* [Problem to work on]:
With the pictures removed, write out the data below exactly.
Start of Data
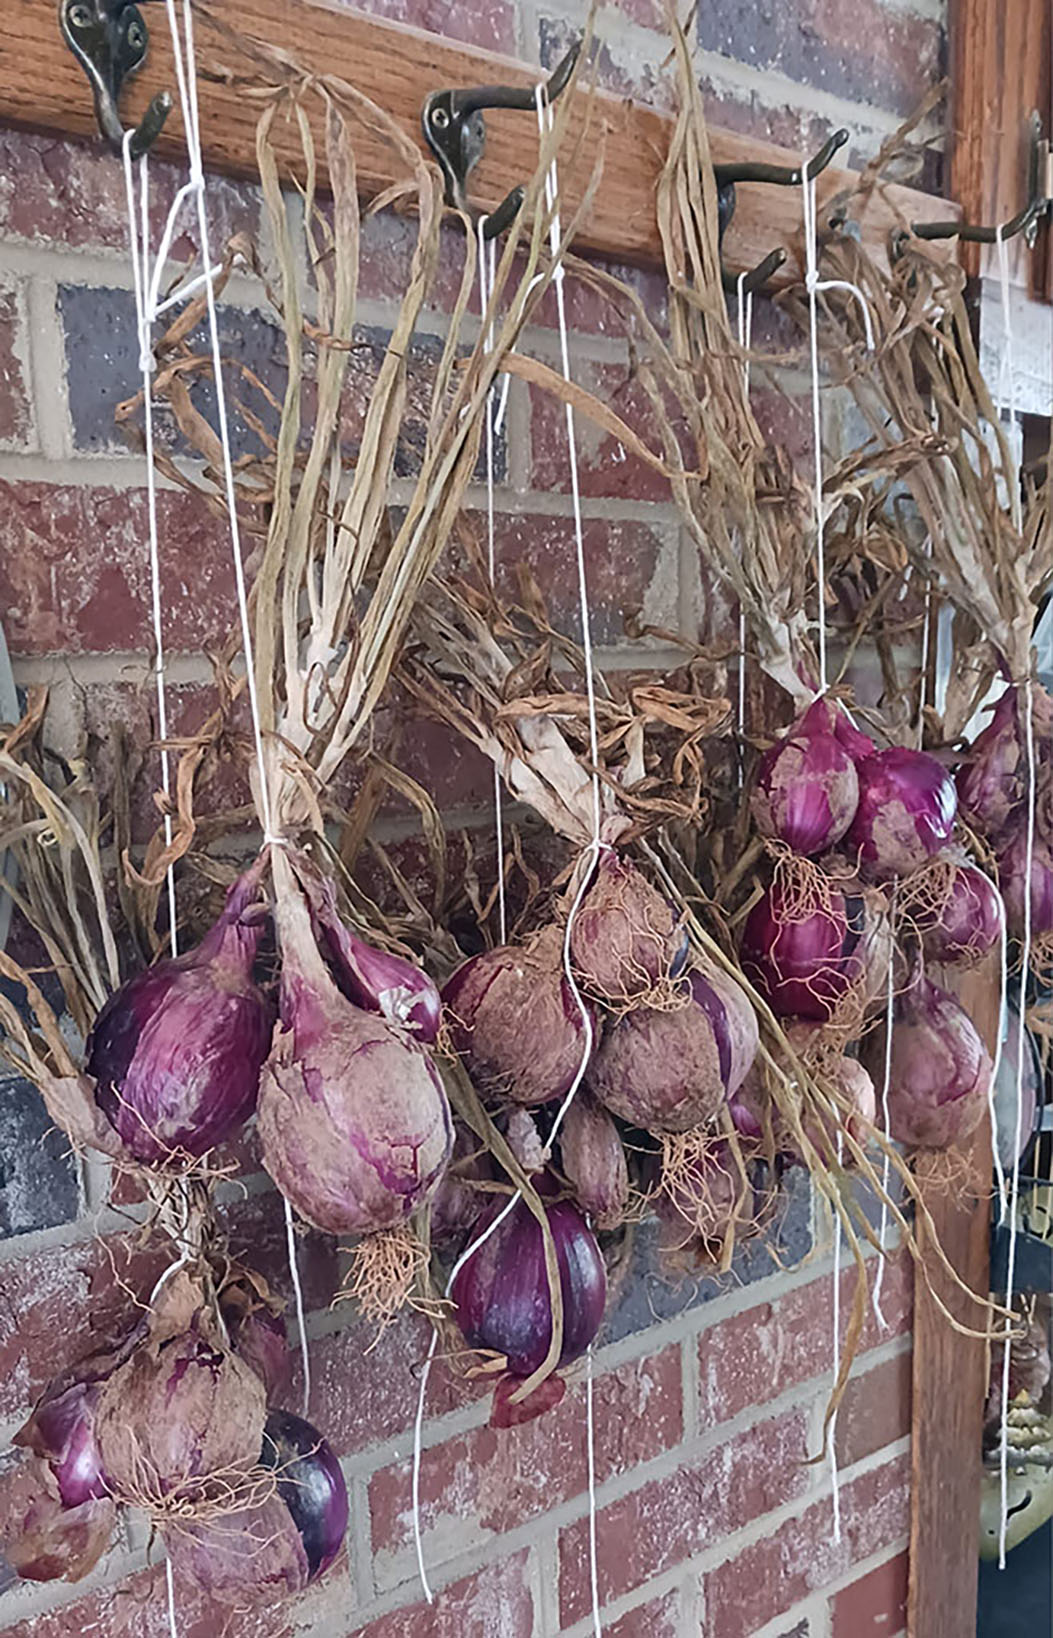 Hanging Onions
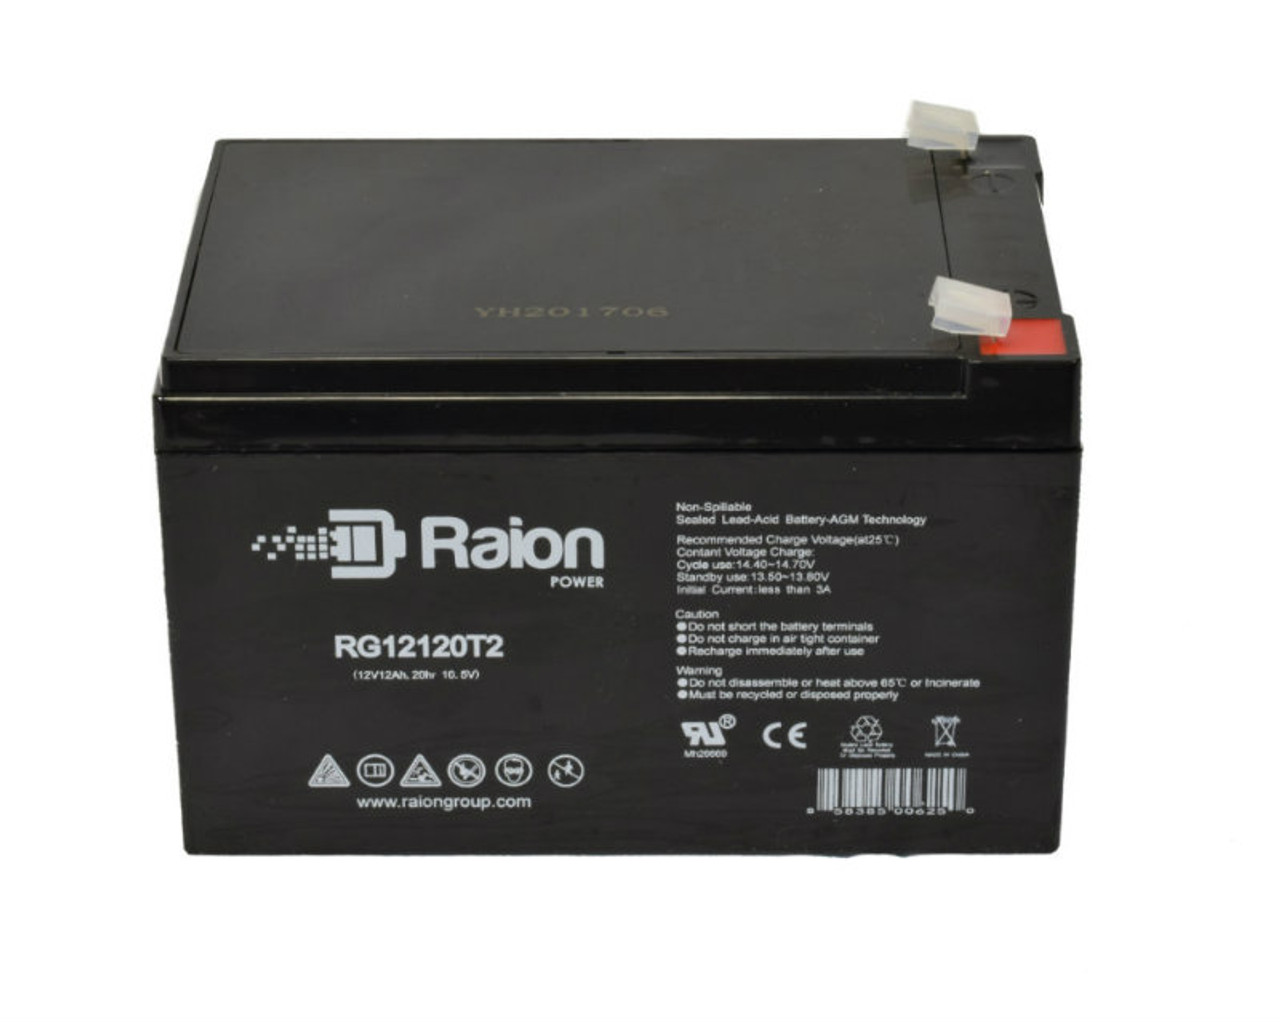 Raion Power RG12120T2 SLA Battery for PBQ HR 15-12
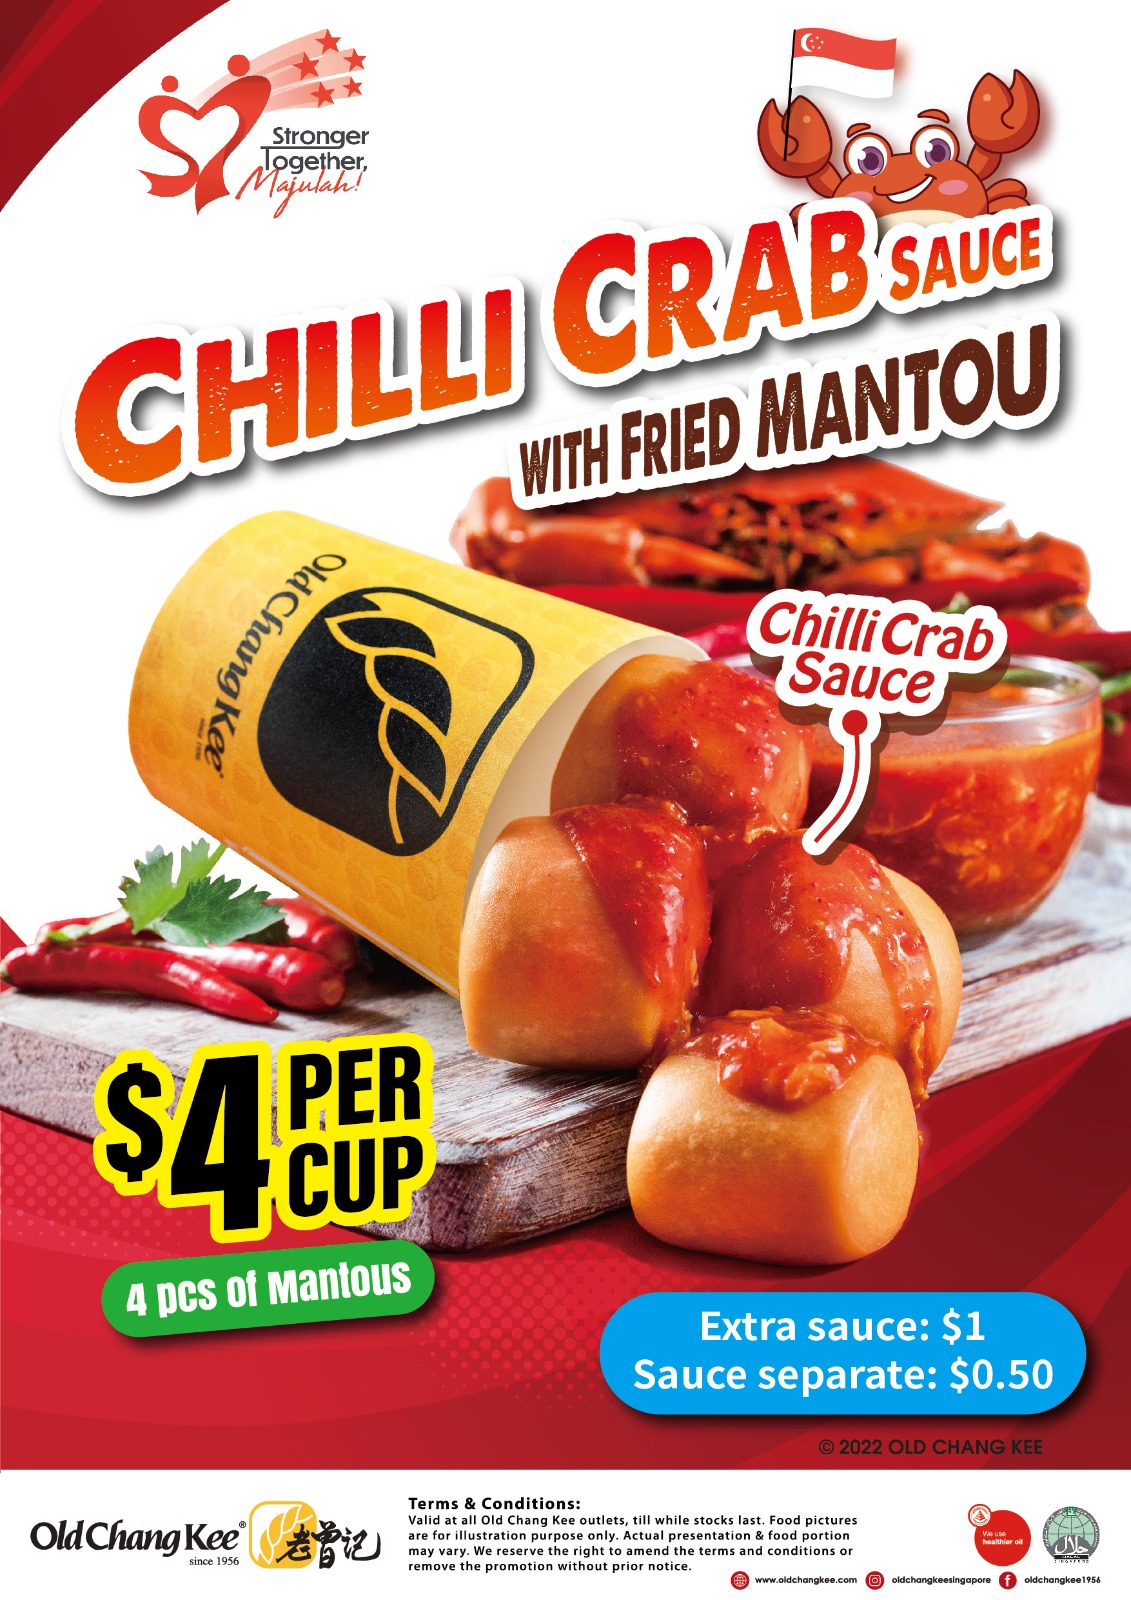 OCK-Chilli-Crab-Sauce-with-Fried-Mantou.jpeg
End of Data
* [Response to the task]:
 Hanging Onions
 Raion Power RG12120T2 SLA Battery for PBQ HR 15-12
 OCK-Chilli-Crab-Sauce-with-Fried-Mantou.jpeg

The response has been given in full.